The NSString case is quite different. It's (probably?) not an internal
pointer at all. Instead, it's newly allocated memory being returned to
you. The NSString (probably?) does not hold a pointer to this memory,
and thus its lifetime is not linked to the lifetime of the NSString
object that it came from. When you ask an NSString for its UTF8String,
it (probably?) has to create that from scratch by converting its
internal storage, unlike NSData which just returns its internal
storage directly.
I put all of those "probably" things up there because it is at least
conceivable to have an NSString where this *is* an internal pointer,
so you might not want to count on this being true. However I'd judge
it to be pretty unlikely.
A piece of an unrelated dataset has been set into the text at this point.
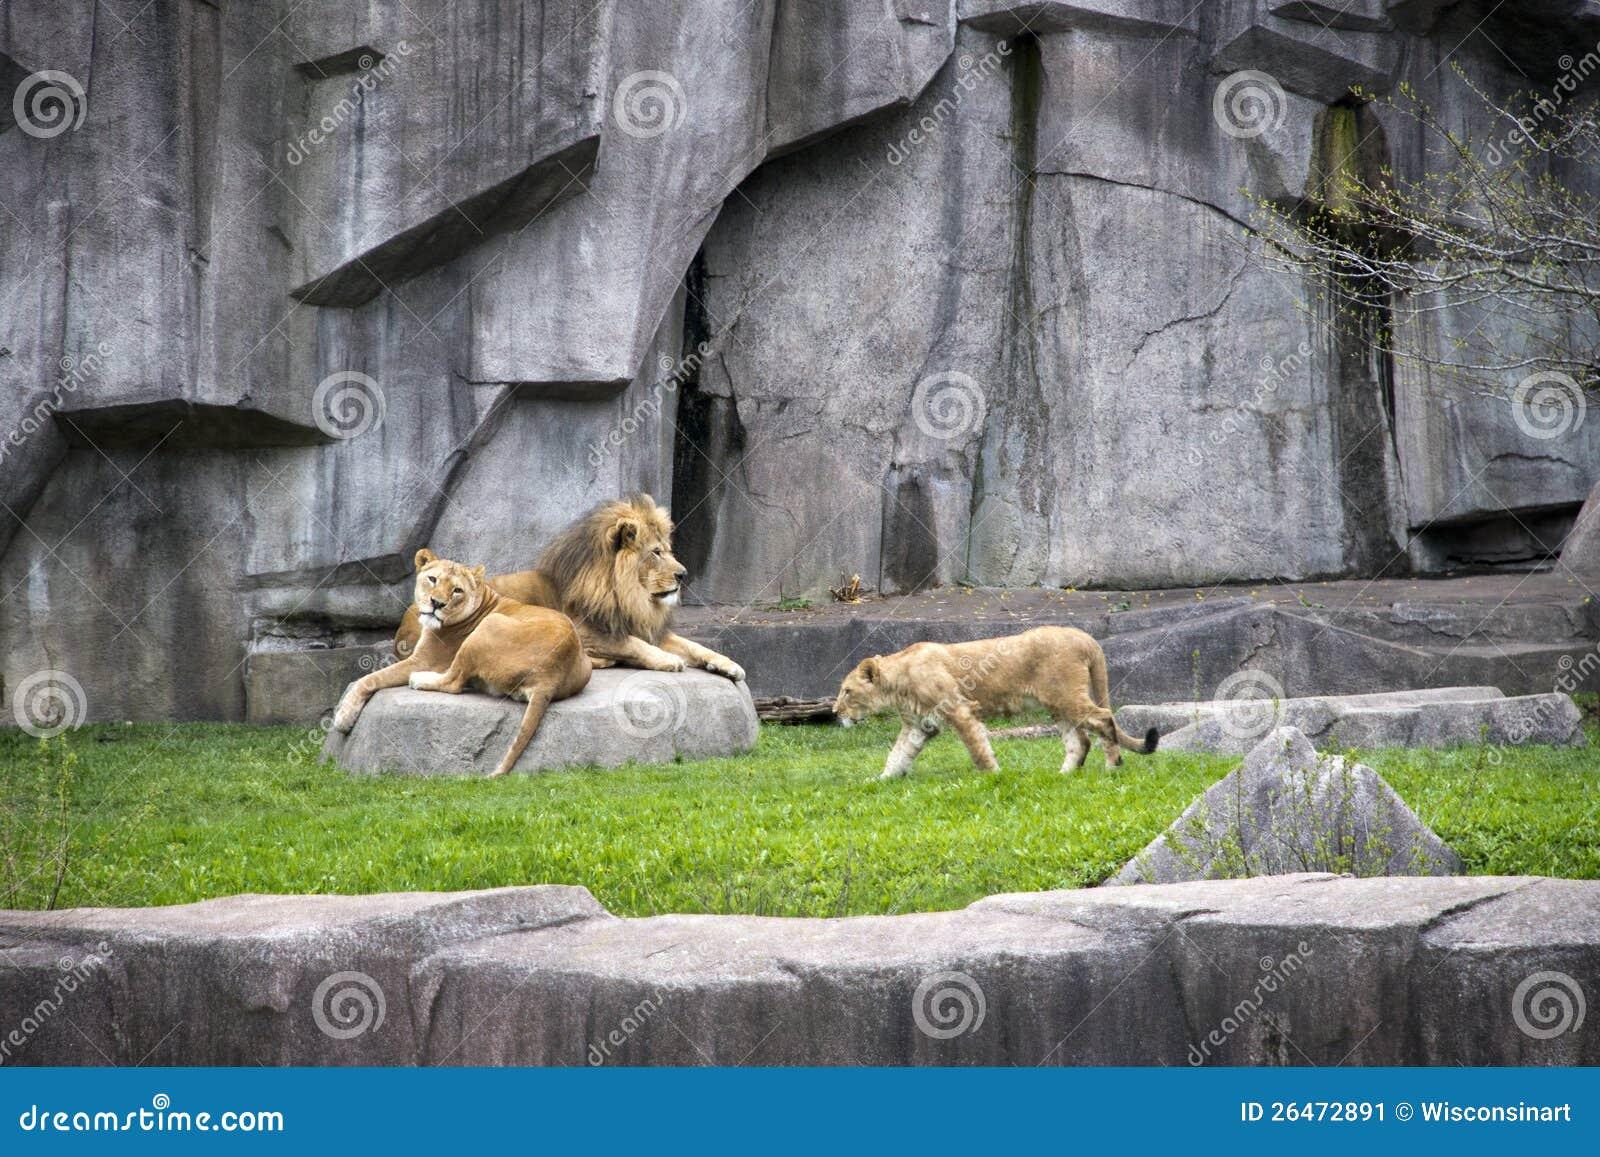 Mannelijke Leeuw, Leeuwin, het Wild van de Welp, de Moderne Kooi van de Dierentuin

Wouldn't hurt to make your code safe against
it even so.
I'm not so sure about "unlikely" and "probably", as opposed to merely
"possibly". The thing is, it might very well be internal to some
object, even if that object is not the string specifically.
In the non-GC case, the most likely way for NSString to return a C
string that has a lifetime of the autorelease context is for NSString
to create an autoreleased NSData to hold the properly encoded bytes,
and then return the -bytes of that data object. Even if that's not
the exact way NSString does it, in the non-GC case there's really no
way to implement an "autoreleased buffer" that doesn't involve an
interior pointer of something. Something has to manage the lifetime
of that buffer, after all, and it's probably an object in the
autorelease pool.
Apple may have changed the implementation as it implemented GC, so
that NSString allocates the data buffer from the collector, but it may
have just left the implementation alone. The non-GC approach still
works in a GC environment, except for the interior pointer issue.